Le groupe français Kering, propriétaire emblématique de la marque Gucci, se retrouve dans une tourmente depuis l'arrivée de Luca de Meo à sa direction générale en septembre. Selon les dernières annonces, les ventes pour 2025 ont chuté de 13% et le bénéfice net s'élève à seulement 72 millions d'euros, un chiffre divisant par plus de dix celui de l'année précédente.
Cette situation est aggravée par la baisse significative des ventes de Gucci, qui ont dégringolé de 22% pour atteindre 6 milliards d'euros sur l'année. Malgré cette baisse, Kering soutient avoir perçu des signes d'une amélioration récente, notamment grâce à des ventes solides de sacs à main, ce qui laisse entrevoir un léger optimisme pour l'avenir.
Dans un communiqué, Luca de Meo a déclaré : "La performance du groupe en 2025 ne reflète pas son véritable potentiel". Il a promis de mettre en place une feuille de route claire lors de leur prochaine journée des marchés financiers, prévue le 16 avril, pour relancer la croissance du groupe avec des stratégies de marques définies et une discipline financière renforcée.
La vente de sa division Beauté à L'Oréal pour 4 milliards de dollars, prévue pour le premier semestre de 2026, a poussé Kering à réviser ses résultats, excluant cette division des performances passées.
Les actions de Kering ont légèrement rebondi, avec une augmentation de plus de 12% lors d'une séance boursière, suite à un quatrième trimestre qui, bien que difficile, a été moins mauvais que prévu. Ce regain de confiance est perçu par les analystes comme un signe positif dans un environnement global tendu.
Pour relever le défi, de Meo a initié plusieurs changements stratégiques, notamment en plaçant Francesca Bellettini, l'ex-directrice adjointe de Kering, à la tête de Gucci, redéfinissant aussi la direction créative avec Demna, le styliste de Balenciaga.
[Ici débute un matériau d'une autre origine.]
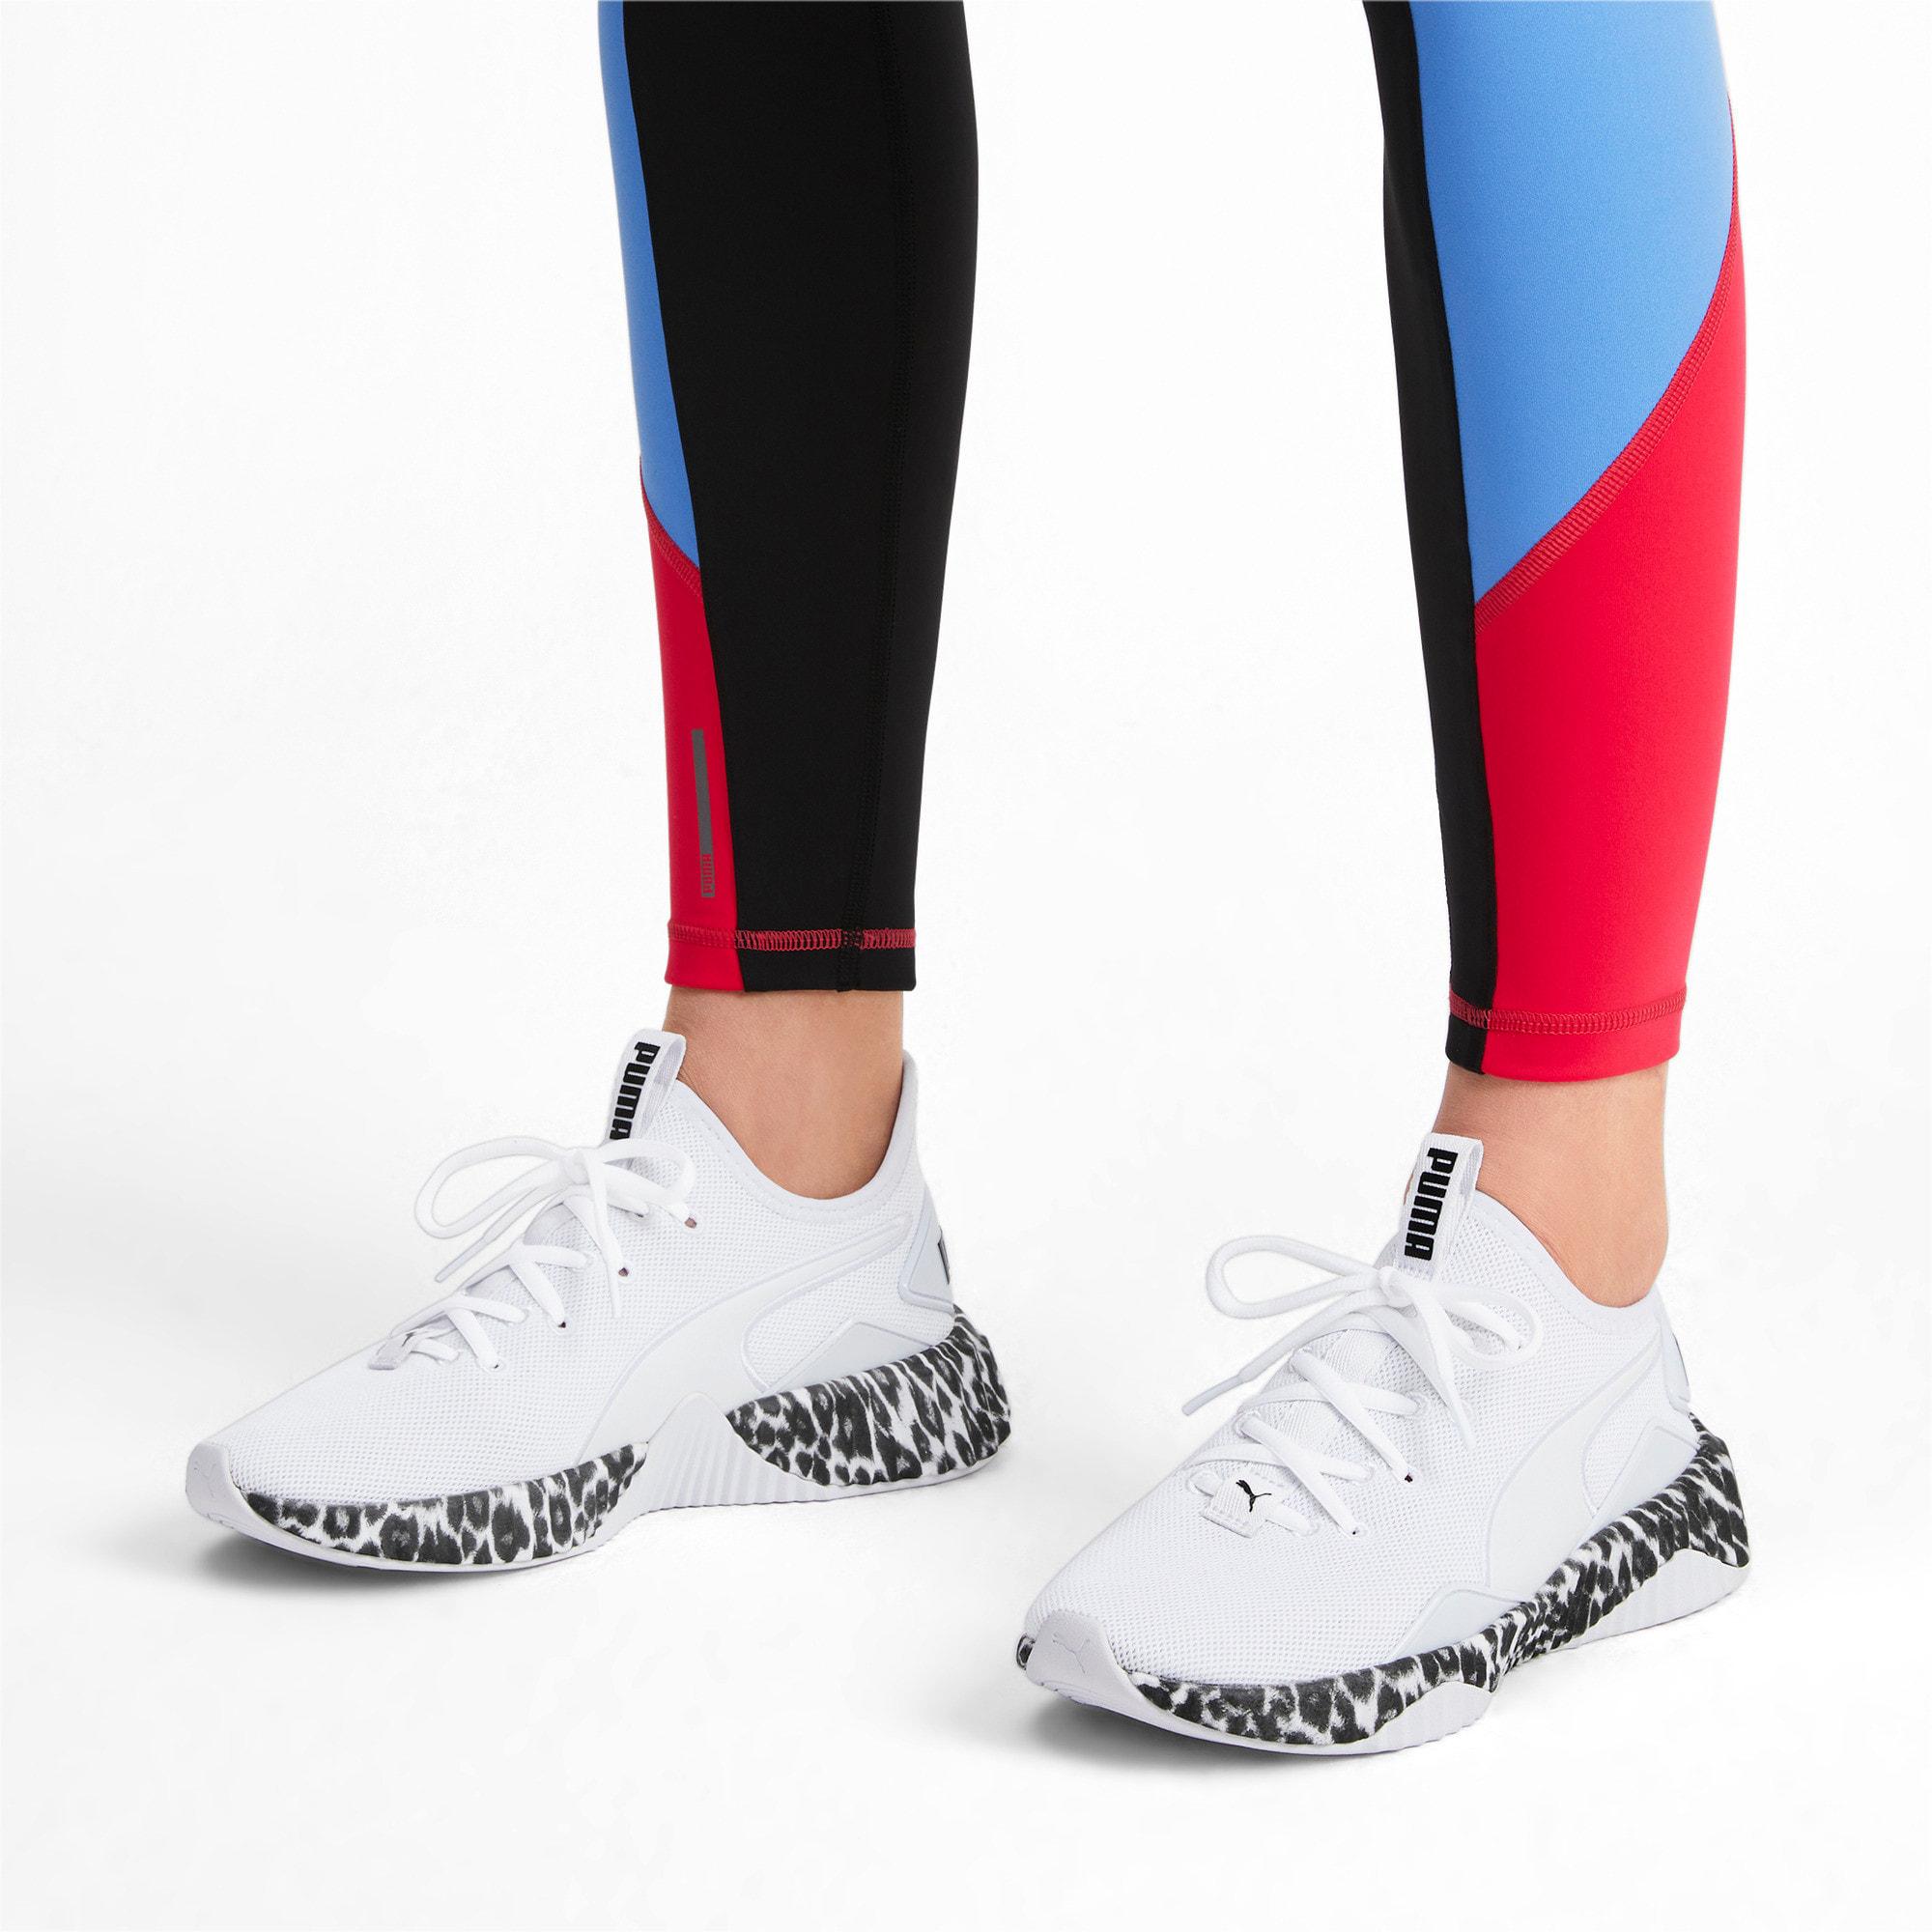 Thumbnail 2 of Defy Leopard Women's Sneakers, Puma White-Puma Black, medium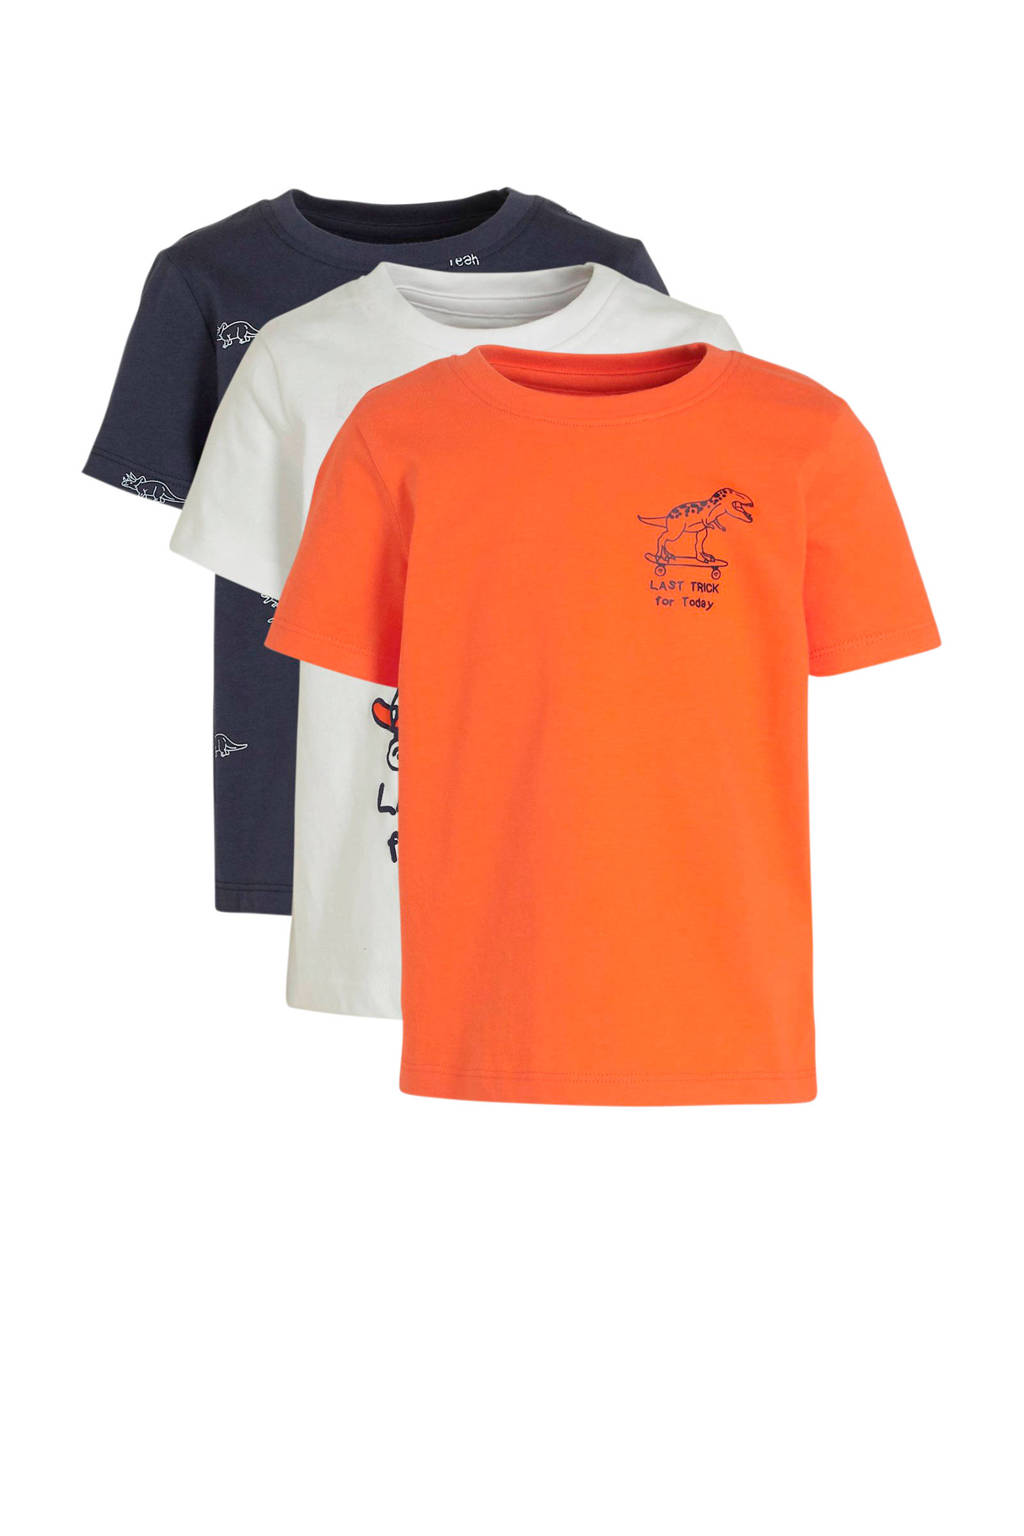 C&A Palomino T-shirt met printopdruk - set van 3 wit/oranje/donkerblauw, Wit/Oranje/Donkerblauw

En dépit des difficultés, Gucci demeure une pièce maîtresse pour Kering, représentant 41% des ventes annuelles et une large part de la rentabilité opérationnelle. Cependant, le directeur général se montre pragmatique, affirmant que "le niveau de bullshit a diminué fortement" au sein de l'entreprise, et qu'il cherche à encourager une collaboration plus étroite entre les différentes marques du portefeuille.
Dans les mois à venir, Kering envisage de fermer environ 150 de ses magasins, dont un tiers seraient des points de vente Gucci. Toutefois, de Meo a précisé que certaines boutiques pourraient rouvrir, mais il vise à réduire les pertes liées aux points de vente non rentables. Cette réorganisation impliquera principalement des fermetures en Asie et aux États-Unis.
Pour diversifier ses revenus et réduire sa dependence à Gucci, Kering mise sur une expansion de sa marque Yves Saint Laurent, notamment sur le marché chinois, qui présente de réelles opportunités. De plus, la marque McQueen, bien que plus petite, envisage de procéder à des ajustements stratégiques et potentiellement à des réductions d'effectifs face à des pertes financières.
En somme, 2026 représente pour Kering une occasion de solidifier ses bases et d'envisager une reconquête du marché. Comme le rappelle de Meo : "Je ne fais pas de la charité, on gère une boîte".